There is another school of thought, and one which I subscribe to. Time
is not running faster in lower gravity (ie at the top of a mountain as
in a popular example), it is quite simply the clock which is running
faster.
Here is a thought experiment which proves my point, and it could be
very easily (but not cheaply) performed in actuality.
Place an atomic clock on the moon alongside a pendulum clock. A
pendulum clock keeps time according to the formula P = 2π * √(L/g).
The only two variables are the length of the pendulum (L) and gravity
(g = 9.83 m/s^2 here on Earth, and 1.62 m/s^2 on the moon). The gravity
on the moon is 1/6 of that on Earth, so a pendulum clock with
a pendulum length of 0.1 meter (100mm) would run at one complete
oscillation of the pendulum in 0.6340 seconds here on Earth, but on the
moon it would take 1.5607 seconds. The atomic clock is affected to a
far lesser extent. Over one year, the moon atomic clock would run
faster than the Earth atomic clock by 0.02 seconds per year, a trifling
amount which can be ignored in this discusion.Here are the maths for
those interested.
P = period of pendulum = 2 * pi * sqrt( L / g )
L = length of pendulum
g = gravitation force
Earth : P = 2 * 3.1416 * sqrt( 0.1 / 9.83) = 6.2832 * sqrt(0.0102) =
6.2832 * 0.1009 = 0.6340 seconds
Moon : P = 2 * 3.1416 * sqrt( 0.1 / 1.62) = 6.2832 * sqrt(0.6170) =
6.2832 * 0.2484 = 1.5607 seconds
While the atomic clock on the moon counts 2.46 seconds, the pendulum
clock would count one second. This of course is assuming that all other
factors are the same, probably the most important being temperature,
but even a large temperature change would be nowhere near the effect of
the gravity change. For example, if the temperature of the pendulum is
increased by 300 degrees centigrade, which is quite possible moving
from shade to
direct sunlight on the moon, its length would increase by around 0.3%,
and the period would increase by a small amount.
Moon @ n+300 degrees C :
P = 2 * 3.1416 * sqrt( 0.1003 / 1.62) = 6.2832 * sqrt(0.0619) = 6.2832
* 0.2488 = 1.563 seconds
The heat effect is negligible in comparison to the gravity effect.
As stated above, because of the reduced gravity, the atomic clock will
run faster on the moon than the Earth by around 0.02 seconds per year.
As this experiment is confined to the moon, there is no need to take
into account any SRT time dilation as seen from Earth.
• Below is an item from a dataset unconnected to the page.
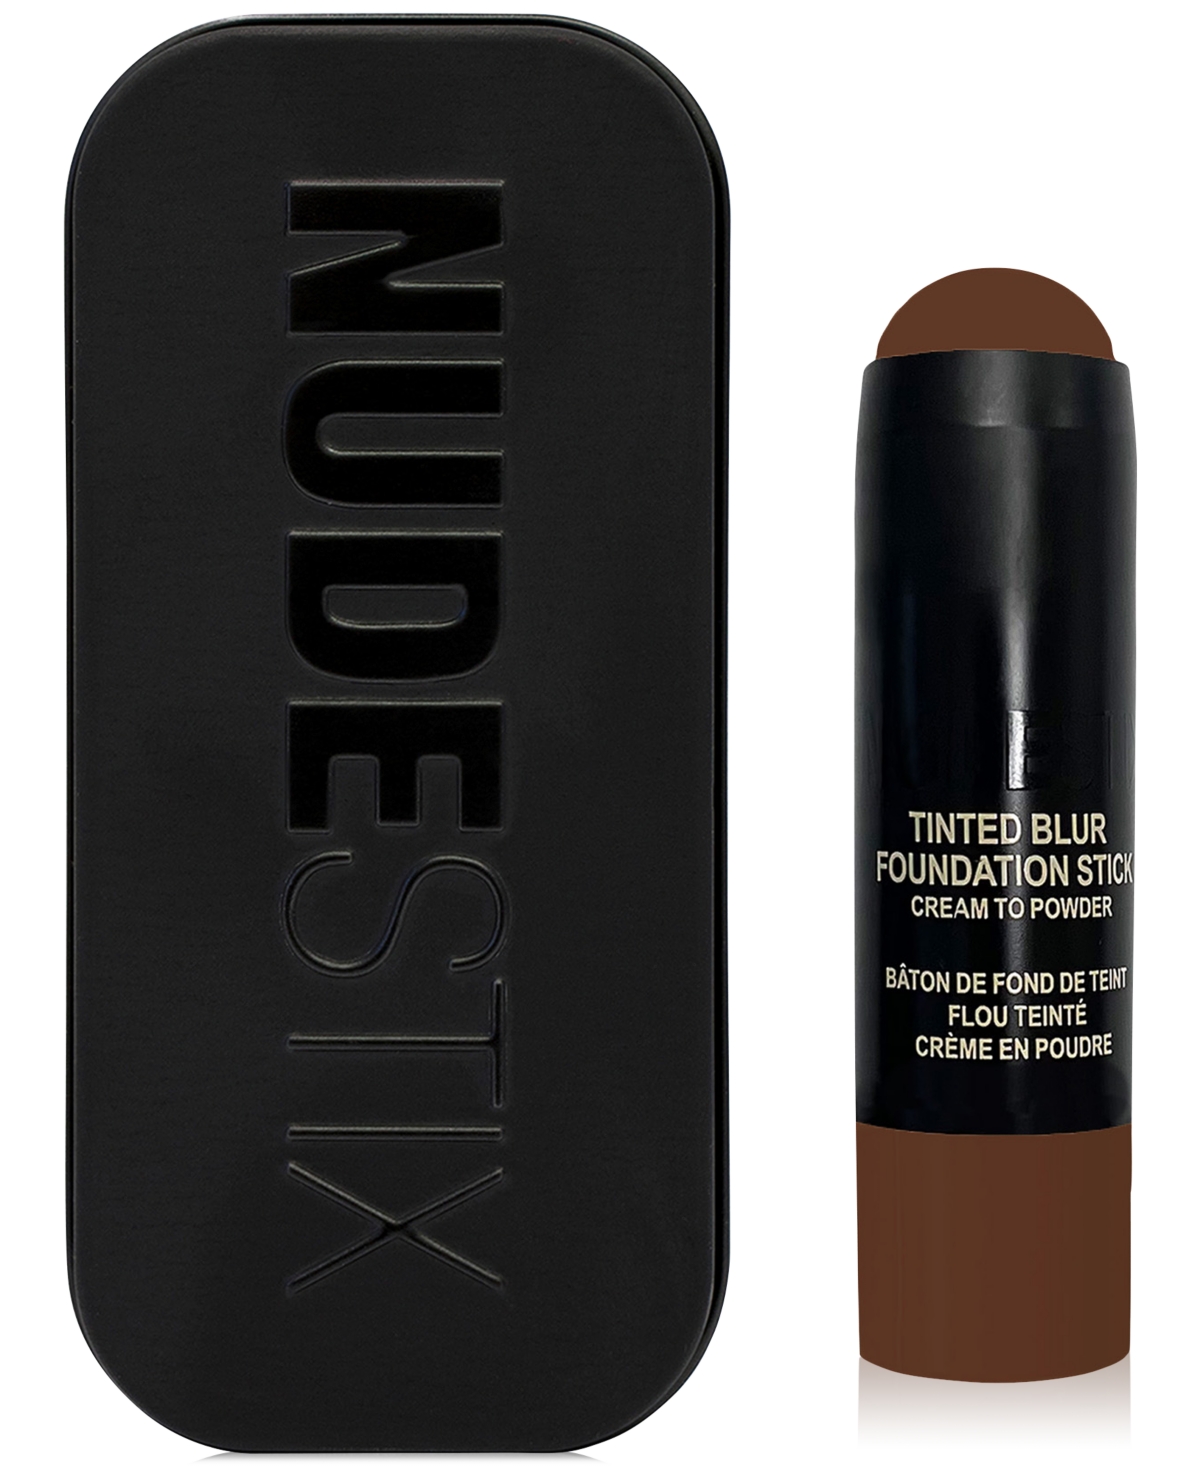 Tinted Blur Foundation Stick - Nude . (deep tan with neutral undertone)

If Einstein is
correct, and it is time itself which has speeded up, the pendulum clock
will speed up and agree with the atomic clock. This claim is absurd, as
the pendulum clock will run as defined by gravity and pendulum length
alone, so the two clocks will disagree.
Which clock is correct? The answer is neither is correct because they
have been calibrated on Earth. Gravity is affecting the rate of both
clocks, not altering the passage of time. The atomic clock is of course
affected by gravity to a far less extent than the pendulum clock, and
in the opposite sense. The pendulum length of 100mm has been chosen as
a clock this size can easily be stowed on the moon lander and kept in a
shock proof container until the lander is on the moon. It can also be
left in the lander shielded from direct sunlight for the duration of
the experiment. Also, the duration needed to notice the difference in
timekeeping is very short. After 2 minutes and 27 seconds acccording to
the atomic clock, the pendulum clock is reading one minute, so the
experiment can be rerun many times while the lander is on the moon.
I am here assuming that the moon lander has an atomic clock on board,
but have not been able to find any firm evidence if this is the case.
Due to the large difference in the timing, a simple wristwatch would do
the job very adequately, as the wristwatch is not affected by gravity,
and will run at the same rate on the moon as here on Earth.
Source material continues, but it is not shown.